Ich habe für mein externes Gehäuse beim Händler vor Ort (Serhend) 15,- Euro bezahlt und es genügt diesen Anforderungen. Es ist allerdings kein Designwunder.^^ 

Ach, noch eine Ergänzung:
Die Laufwerke werden als extern erkannt. Allerdings verlangen viele Endgeräte spezielle Formatierungen, z. B. Fat 32, um die Festplatte einbinden zu können.


----------



## xb@x360 (30. Juni 2009)

Dann entscheide ich mich für ein Gehäuse.

Wäre jemand so nett und würde mir einpaar Gehäuse empfehlen, die auf die Punkte von derLordselbst übereinander stimmen.
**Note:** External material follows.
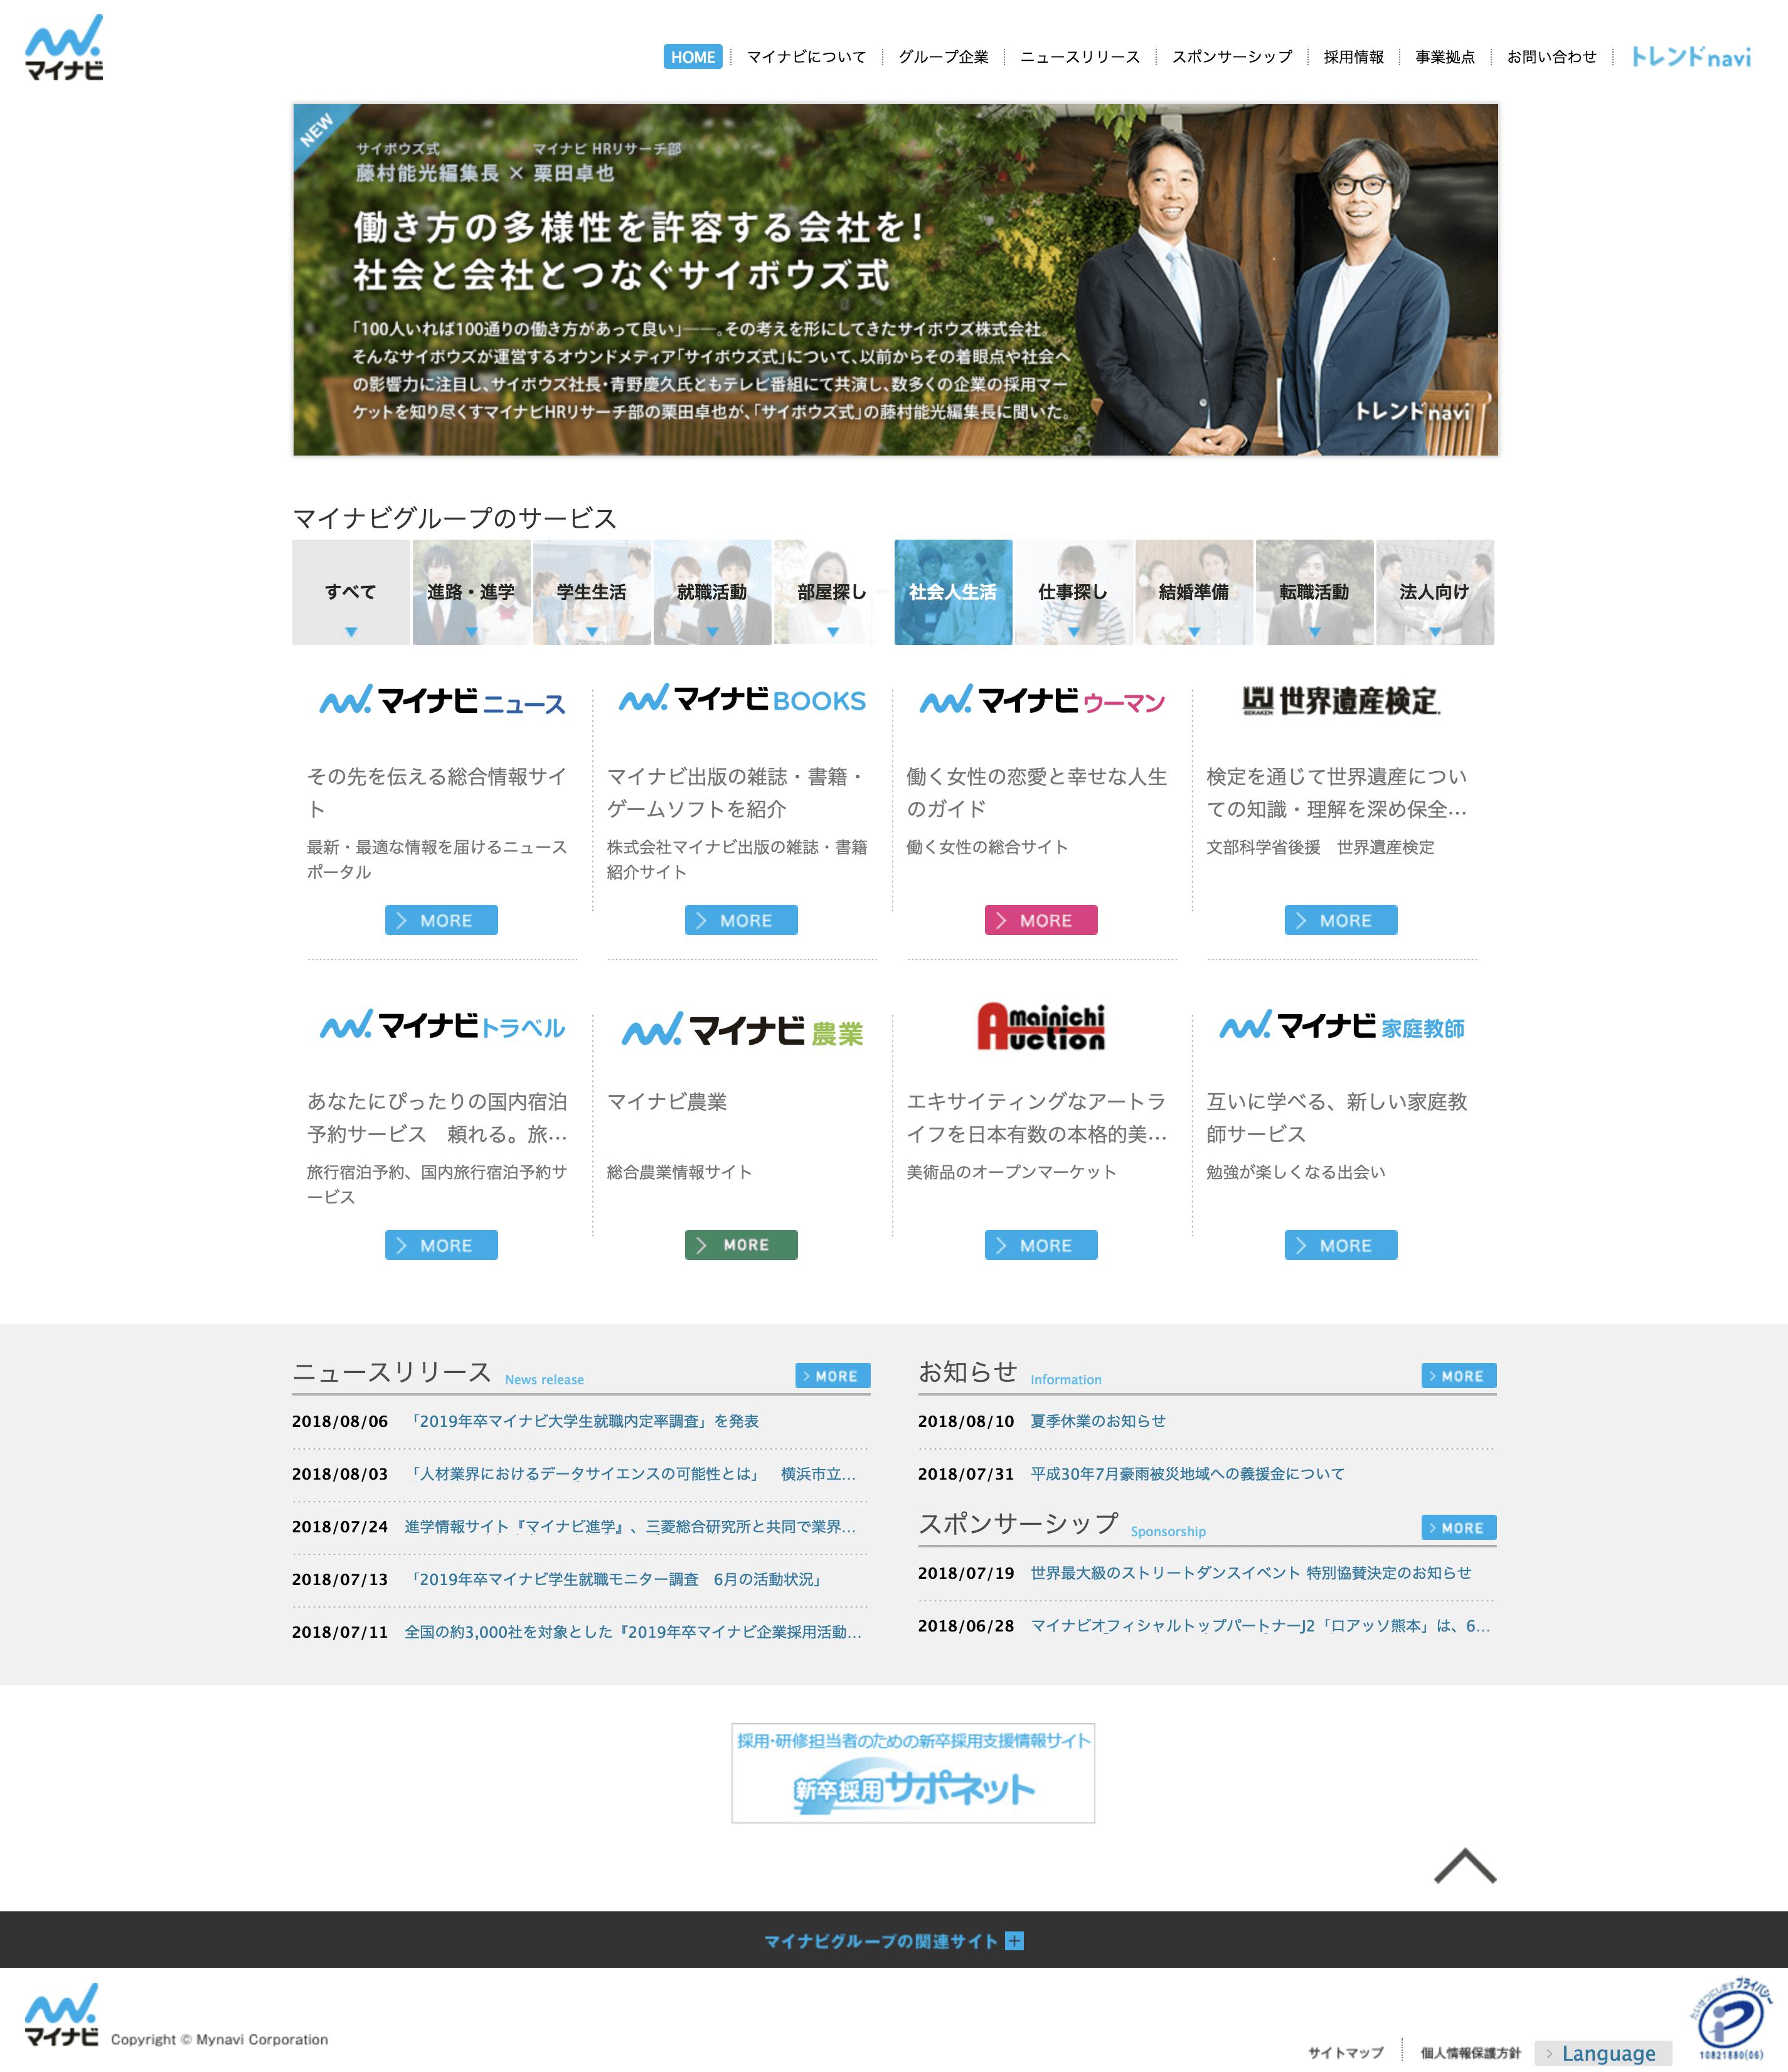 マイナビサイトのスクリーンショット
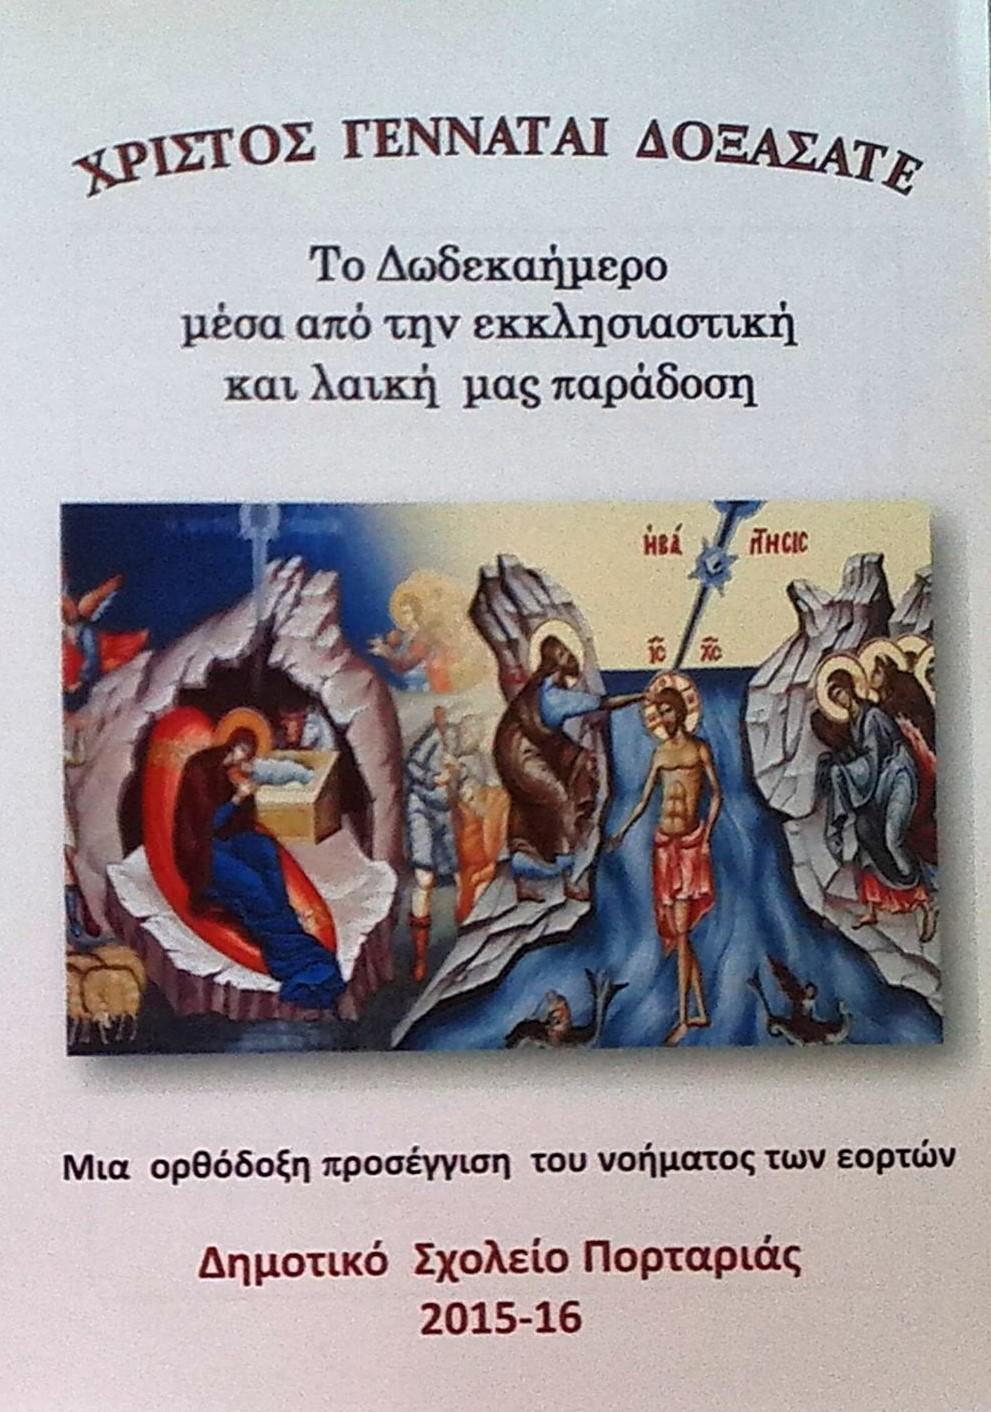 ΧΡΙΣΤΟΣ ΓΕΝΝΑΤΑΙ ΔΟΞΑΣΑΤΕ

und mir ist das Design Wurst!

Am besten von Amazon.

Könnte ich dann auch diese Festplatte , wie oben beschrieben auch zum abspielen von Filmen auf DVD Player e.t.c benutzen ?

Danke


----------



## derLordselbst (30. Juni 2009)

Von Amazon habe ich nur die hier gefunden:

Festplatte Gehäuse extern 3,5" SATA IDE USB eSATA #8303: Amazon.de: Elektronik (Achtung ist nicht Amazon direkt, sondern der Marktplatz, kann also noch Porto dazukommen!)

Ob die wirklich taugt, kann ich allerdings nicht beurteilen. Allerdings ist die Konstruktion eines externen Gehäuse für Festplatten auch nicht so die Riesen-Herausforderung.

Ein Gehäuse nur für 15,- Euro, wie ich es gekauft habe, kann ich jetzt gerade auch nicht finden. Evtl. war das ein zeitweiser Glücksgriff.


----------



## xb@x360 (30. Juni 2009)

Dank dir.

fals jemand von einem anderen guten Shop eon gutes Gehäuse empfehlen kann , solll es es bitte posten.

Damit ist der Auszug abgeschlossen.